At the start of the year the Group launched iD, a new mobile
network focused on providing users with increased contract
flexibility, greater access to free data roaming and
competitively priced 4G tariffs. The performance of iD in the
UK has been very positive and the business now has an active
customer base of over 335,000 subscribers.
Nordics
The Nordic business has performed well in a challenging
economic environment, delivering 6% growth on a local
currency basis. However, revenue in Sterling was down 3% to
£2,632 million (2014/15: £2,709 million) predominantly due to
the devaluation of the Norwegian Krone relative to Sterling.
Like-for-like revenue was up 4% despite the challenging
commercial environment and some aggressive competitive
pricing. The growth in like-for-like revenue was driven by white
goods, mobiles and laptops, offsetting weakness in PCs and
tablets. We have continued to focus on ensuring competitive
pricing against pure players, albeit with some margin impact.
In local currency, our Nordic business delivered record
earnings but, due to the adverse movement in foreign
exchange, both from translation of local currency results
into Sterling, as well as margin pressure due to increased
buying costs, Nordic Headline EBIT was £79 million
(2014/15: £86 million).
The Merger has continued to benefit the Nordics with the
launch of Elkjøp Phonehouse stores in Norway, and the
integration of Phone House Sweden into ElGiganten. The
extension of the Jönköping warehouse to create Europe’s
most advanced small products distribution centre is also
progressing well.
In November 2015 InfoCare, a services and repair business,
was acquired in order to further the Group’s services strategy.

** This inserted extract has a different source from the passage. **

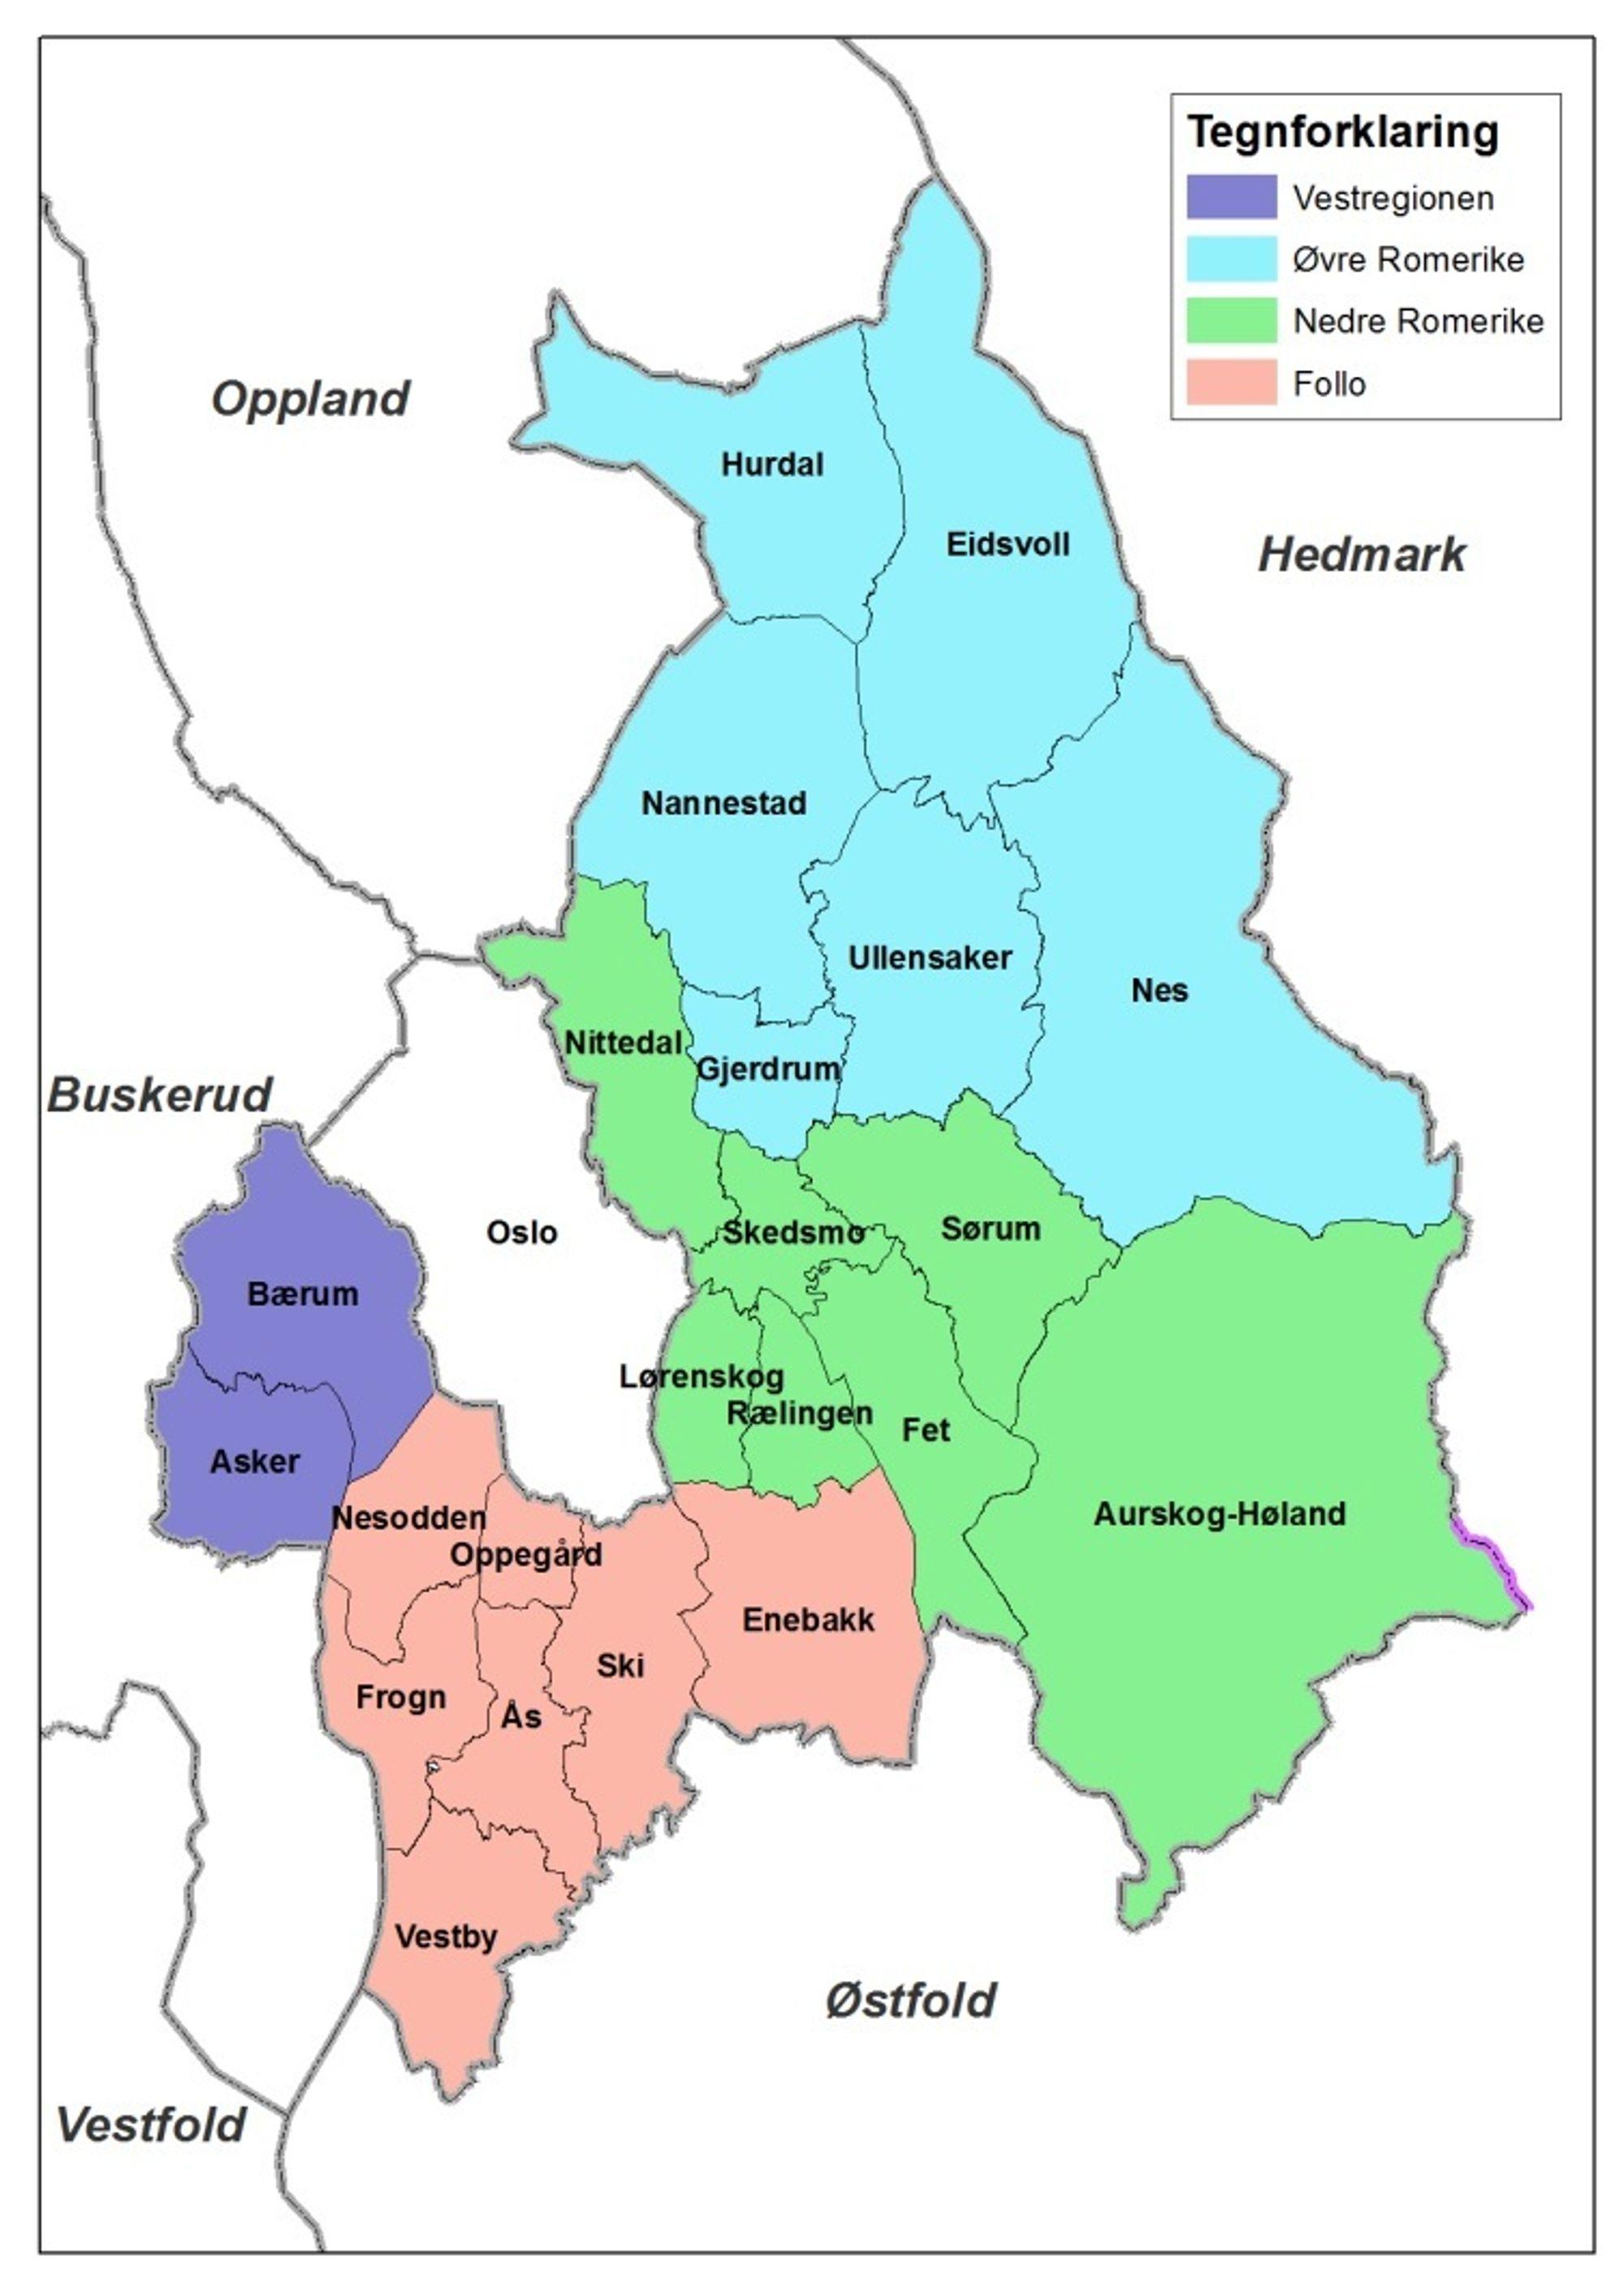 Akershus Kommune Kart Dedooddeband

This business has now been successfully integrated into the
wider Nordics business. The Epoq kitchen business also
continues to deliver very encouraging results with strong
revenue growth driving market share and appliance sales.
Southern Europe
Southern Europe had strong underlying results with like-for-like
revenue up 4%, largely driven by the business in Greece which
continues to perform extremely well in the face of a challenging
environment. The Greek business benefited from strong
growth in white goods and tablets, which more than offset
some weakness in TV and laptops following the end of a
government laptop promotion in the prior year. Whilst post-pay
volumes were down in Spain we continue to pivot the model in
line with the market to offer multi-play, sim-only and handset
only, whilst successfully retaining our market share.